PHYSICAL PRINCIPLES OF INFLUENCING CLOUDINESS FOR THE PURPOSE OF PREVENTING HAIL PHENOMENA

(Presented by Academician I. N. Vekua, 18 XII 1961)

In works (¹, ²) the mechanism of formation of hail falling from intramass cloudiness was considered. Subsequent experimental studies, carried out in the Northern Caucasus in 1959, as well as data from the Verona Observatory (Italy), kindly placed at our disposal by Dr. Sarika, confirmed the correctness of the proposed hypothesis. On the basis of the works mentioned, the following conditions necessary for the formation of hail may be formulated.

  1. The temperature of the cloud top \((T_{\mathrm{v}})\) must be below the threshold of natural crystallization of cloud particles, i.e. \(T_{\mathrm{v}} - T_{\mathrm{k}};\ -20^\circ \le T_{\mathrm{k}} \le -14^\circ\).

  2. The velocity of the ascending air currents at the level of the \(0^\circ\) isotherm (if the height \(z_m\) of the level of maximum velocity of the updraft \(W_m\) is less than the height \(z_0\) of the zero isotherm) must be greater than 12 m/sec, i.e. \(W_0 > 12\) m/sec when \(z_m < z_0\), or, if \(z_m > z_0\), then \(W_m > 12\) m/sec (¹,²).

  3. The decrease in the hailstone radius \(\Delta R\) due to melting in the “warm” \((T > 0^\circ \mathrm{C})\) zone of the cloud and below the cloud must be less than the radius of the hailstone at the level of the \(0^\circ\) isotherm: \(R_0 > \Delta R\).

  4. The variation of wind speed with height must satisfy the condition that accumulation of the large-drop fraction occurs in the temperature interval from \(-1.5\) to \(-8.0^\circ\).

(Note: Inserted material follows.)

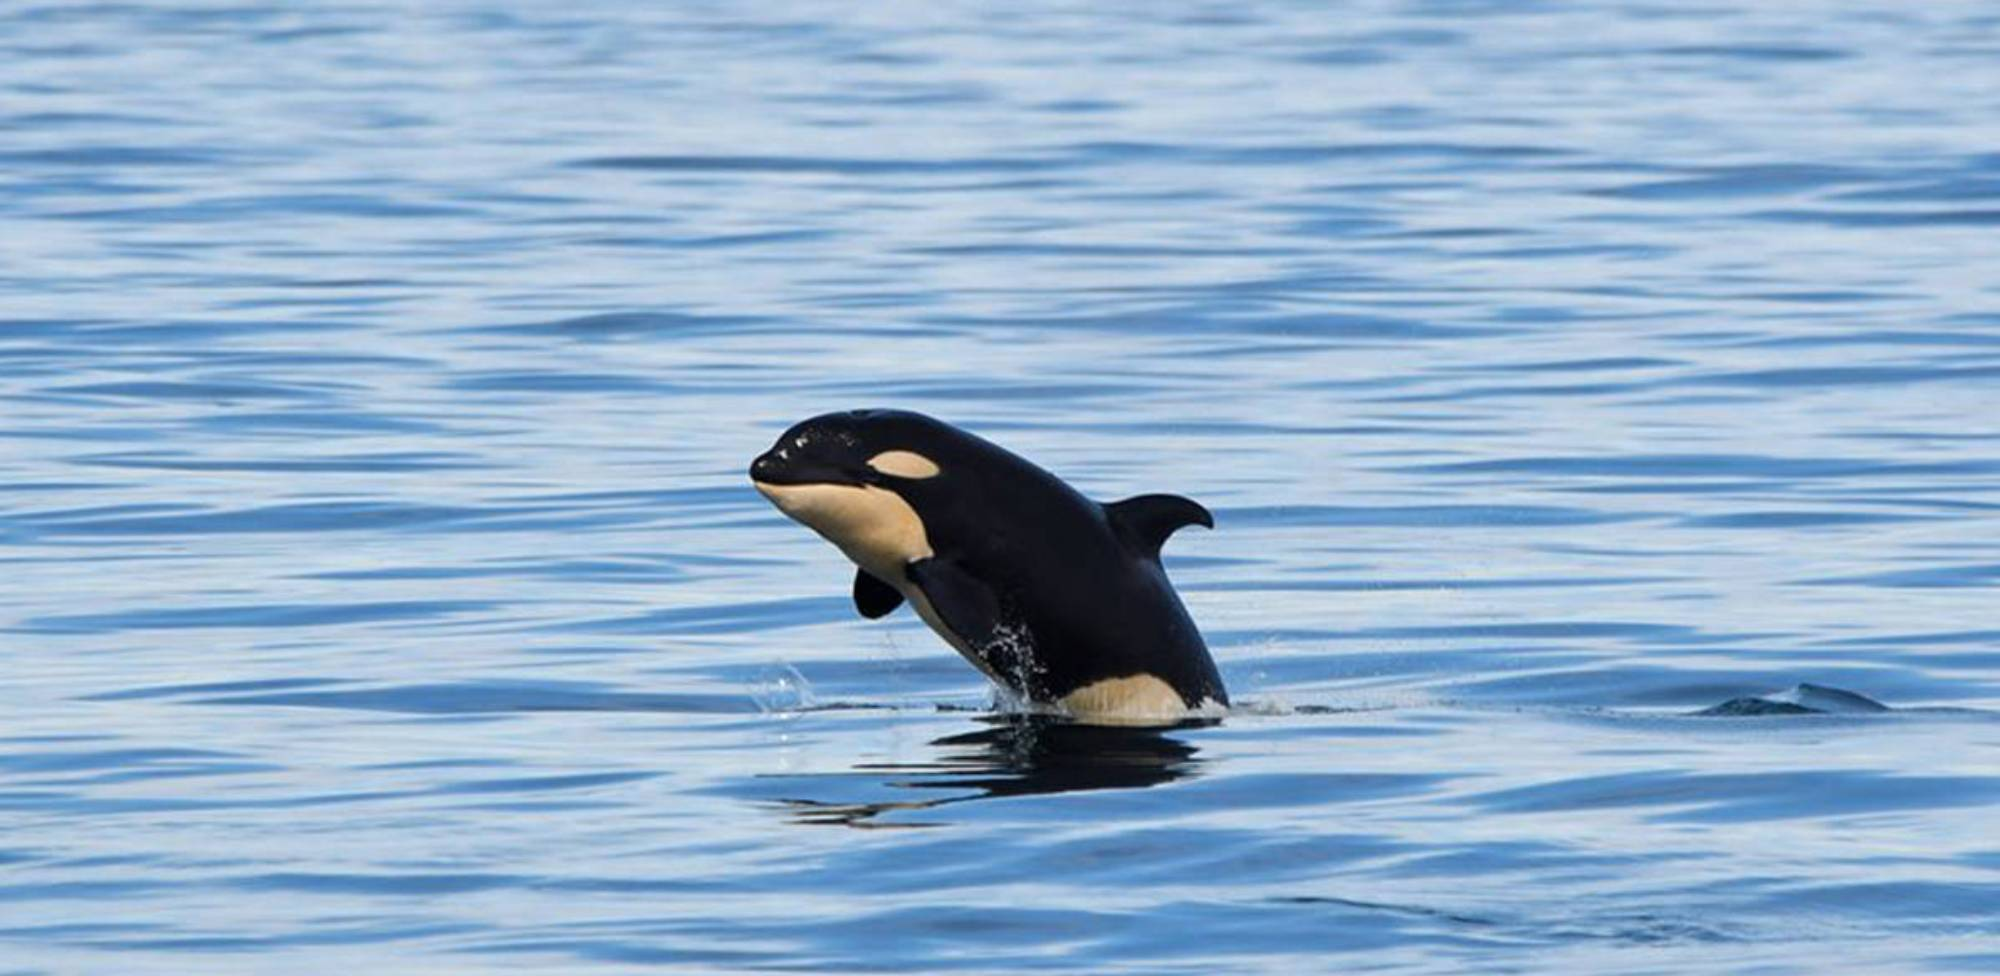 Bébé orque du sud

If accumulation occurs above the \(-8.0^\circ\) isotherm, then in most cases hailstones do not grow.

In the overwhelming majority of cases these conditions are sufficient for hail to fall. If \(z_m \simeq z_0\), then the radius of the hailstone at the level of the \(0^\circ\) isotherm is determined from the relation

\[ R_m \sim R_0 \ge \frac{W_m^2}{\gamma}\,\frac{\rho_{z m}}{\rho'_0}, \tag{1} \]

where \(\rho_{z m}\) is the air density at the level of maximum velocity and \(\rho'_0\) is that at sea level, \(\gamma\) is a constant quantity (¹). The amount of precipitation that falls is determined from the relation

\[ Q = \rho \frac{W_{\mathrm{pl}}^2 - W_{\mathrm{kr}}^2}{2g}, \tag{2} \]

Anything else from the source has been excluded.